Network Troubleshooting

Ok, now we have talked a lot about binary math, about how to calculate subnets, now to determine what is the valid ip ranges to use for your network. You were diligent and careful, calculated all your addresses carefully, set up yourself a router to the Internet, configured everything, but it still doesn't work. What is wrong? How do you figure it out?

One of the common mistakes I see with young technicians is the "guessing game" approach. They start making changes to things hoping to guess what is causing the problem. They do NOT take the simple approach of slicing the problem down and eliminating sections of the network, or possible items. Most times by the time they give up, they have made so many incorrect changes to the network, that it is impossible to determine what was the original problem.

Being an engineer, using the division method comes natural to me. You first start doing something to narrow down your search on the network. What are the tools available for you to use under Linux (or any other operating system for that matter)?

ifconfig (or ipconfig on a windows box) - This little command will quickly tell you what you have on your machine, what ip addresses, what interfaces, etc that are up and working. The only caveat to it all is on a windows 95 machine, the command is winipcfg, and it pops up a little gui box with the same information in it. On NT, ipconfig /all will show you all the settings. And ifconfig on Linux/unix. All operating systems that support tcp/ip have some version of this command available. All BSD/Linux ones use ifconfig as far as I know. Below is an example ifconfig from my suse Linux box:

	bash-2.03# ifconfig
	eth0      Link encap:Ethernet  HWaddr 00:10:5A:A0:8D:37
	          inet addr:192.168.3.12  Bcast:192.168.3.255  Mask:255.255.255.0
	          inet6 addr: fe80::10:5aa0:8d37/10 Scope:Link
	          inet6 addr: fe80::210:5aff:fea0:8d37/10 Scope:Link
	          UP BROADCAST RUNNING MULTICAST  MTU:1500  Metric:1
	          RX packets:532303 errors:0 dropped:0 overruns:0 frame:0
	          TX packets:250499 errors:0 dropped:0 overruns:0 carrier:0
	          collisions:75 txqueuelen:100
	          Interrupt:11 Base address:0xe400
 
	lo        Link encap:Local Loopback
	          inet addr:127.0.0.1  Mask:255.0.0.0
	          inet6 addr: ::1/128 Scope:Host
	          UP LOOPBACK RUNNING  MTU:3924  Metric:1
	          RX packets:689 errors:0 dropped:0 overruns:0 frame:0
	          TX packets:689 errors:0 dropped:0 overruns:0 carrier:0
	          collisions:0 txqueuelen:0
	 
	bash-2.03#

Not only does it show me the ip address and subnet mask, but it shows me the MAC address of the network cards, the type of interface (eth0, eth1, lo, etc) but also the address and irq of each device. This is very helpful in troubleshooting hardware problems when setting up your network. Try this command on your own machine at home and see what it tells you. This is one excellent place to start understanding your own machine and network.

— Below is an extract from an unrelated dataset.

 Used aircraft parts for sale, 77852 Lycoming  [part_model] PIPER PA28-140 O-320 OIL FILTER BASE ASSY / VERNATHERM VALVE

PING - ping is one of the MOST useful tools you could ever have in your bag of tricks. As far as I know, every networkable operating system ever written has a ping command. What does a ping command do? It basically sends a message to the address you provide and says "hey, are you there?" What is the format for a ping command under Linux?

	bash-2.03#  ping 192.168.7.7

or ping ip address, where ip address is the address of the machine you want to check to make sure you can communicate with. Ping is one of the commands I use the most when troubleshooting network equipment and Internet connections.

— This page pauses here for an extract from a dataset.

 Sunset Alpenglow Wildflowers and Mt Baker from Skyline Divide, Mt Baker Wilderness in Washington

PROBLEM: you just configured a computer to access the Internet using a cable modem. You set everything up, got your ip address from the cable modem dhcp, and your machine seems happy. BUT, when you open your netscape navigator and type in the url of http://www.nolug.org, it cannot find that address, and gives you either a 404 error, or host not found. What is your steps to determine what is going on? Step 1. Check your OWN machine. Ping yourself. Ping not only will work on other machines, but you can ping yourself. If you ping yourself and you don't get a response, then something is wrong with your tcp/ip setup, so don't look any further. What does the response from a ping look like?

	bash-2.03# ping 192.168.3.12
	PING 192.168.3.12 (192.168.3.12): 56 data bytes
	64 bytes from 192.168.3.12: icmp_seq=0 ttl=255 time=0.238 ms
	64 bytes from 192.168.3.12: icmp_seq=1 ttl=255 time=0.157 ms
	64 bytes from 192.168.3.12: icmp_seq=2 ttl=255 time=0.166 ms
	64 bytes from 192.168.3.12: icmp_seq=3 ttl=255 time=0.130 ms
	64 bytes from 192.168.3.12: icmp_seq=4 ttl=255 time=0.158 ms
	64 bytes from 192.168.3.12: icmp_seq=5 ttl=255 time=0.139 ms
	64 bytes from 192.168.3.12: icmp_seq=6 ttl=255 time=0.129 ms
	64 bytes from 192.168.3.12: icmp_seq=7 ttl=255 time=0.150 ms
	--- 192.168.3.12 ping statistics ---
	8 packets transmitted, 8 packets received, 0% packet loss
	round-trip min/avg/max = 0.129/0.158/0.238 ms
	bash-2.03#     

This is where I pinged myself on my machine at home. A ping command under Linux sends pings repeatedly until you hit the ctrl^C to kill the sending. Under windows, the ping is sent 4 times and quits on it's own. What does it look like if it doesn't ping correctly? Look at the following example of me pinging something I know isn't there.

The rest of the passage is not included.